Les femmes noires devraient envisager de s'abstenir d'utiliser ces coiffures sur les jeunes enfants, et elles doivent penser aux conséquences pour elles-mêmes, dit le Dr Kyei . «Si vous commencez à remarquer ce type de perte de cheveux, faites-vous évaluer tôt», insiste-t-elle.
L'âge moyen des femmes atteintes de CCCA était de 58 ans. La condition se présente souvent lorsque les femmes sont dans la quarantaine, mais on le voit parfois chez des femmes aussi jeunes que la vingtaine et la trentaine.
Il n'est pas clair d'après l'étude que ces coiffures sont les seules responsables de l'ACCJE. Les femmes atteintes de cette maladie avaient tendance à avoir des grands-pères maternels chauves et elles étaient également plus susceptibles de souffrir de diabète. Alors que seulement 8% de l'ensemble des femmes souffraient de diabète de type 2, 18% de celles atteintes de CCCA en avaient - une «découverte surprenante», dit le Dr Kyei.
Dermatologue Andrew F. Alexis, MD, directeur de le Skin of Color Center de l'hôpital St. Luke's-Roosevelt, à New York, affirme que des recherches supplémentaires sont nécessaires pour confirmer un lien entre l'ACCJ et le diabète. "Cependant, cela suggère qu'il peut être utile pour les dermatologues de poser des questions à leurs patients CCCA sur le diabète et de les référer à leurs médecins de soins primaires pour un dépistage annuel", dit-il.

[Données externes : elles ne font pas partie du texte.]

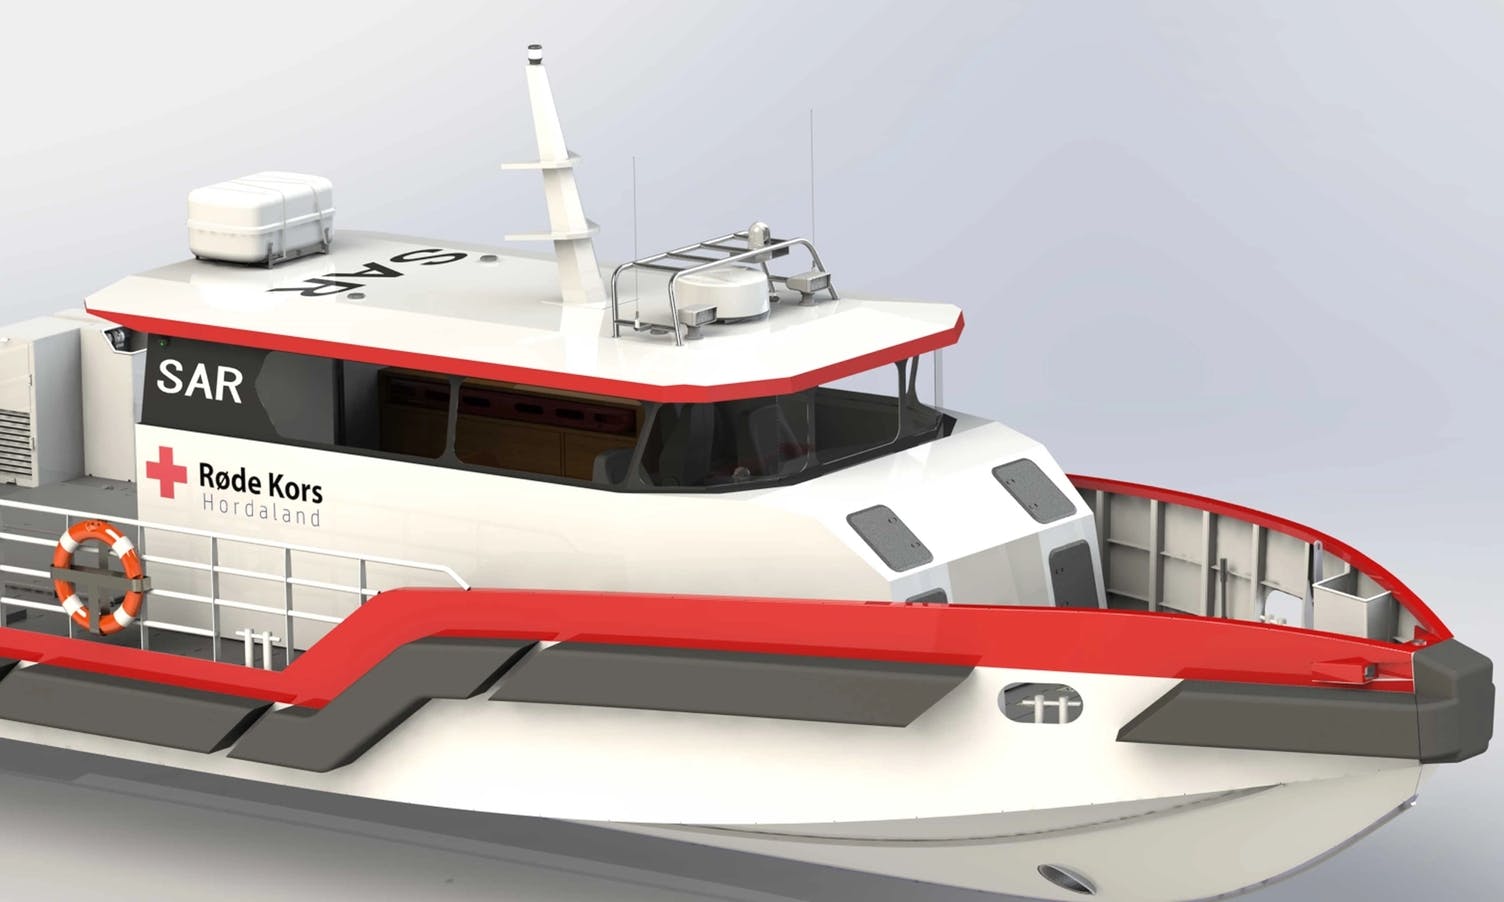 Med støtte frå åtte i Os: Ny Røde Kors-båt er under bygging

Dans l'étude, qui a été publiée Aujourd'hui, sur le site Web des Archives of Dermatology, des chercheurs ont interrogé des femmes de deux églises afro-américaines et d'un salon de la santé à Cleveland sur leurs antécédents médicaux, leurs antécédents familiaux de perte de cheveux et leurs pratiques de soins capillaires. Des dermatologues formés à la perte de cheveux ont examiné les cuirs chevelus des femmes et les ont évalués en fonction du degré de perte de cheveux et de cicatrices qu'ils présentaient.
Raechele Cochran Gathers, MD, médecin senior au Centre de dermatologie multiculturelle de l'hôpital Henry Ford, en Detroit, dit que les résultats, bien que préliminaires, fournissent de bonnes informations sur une condition mal comprise. "Je pense que l'étude est excellente car elle donne non seulement des données sur les facteurs environnementaux, sur lesquelles quelques autres études ont rapporté, mais aussi elle est unique en ce sens qu'elle examine ces facteurs de risque médicaux", dit-elle.
À la lumière des résultats, ajoute le Dr Gathers, il incombe aux médecins et aux coiffeurs de sensibiliser les femmes à l'ACCJE et au lien potentiel avec les coiffures de traction.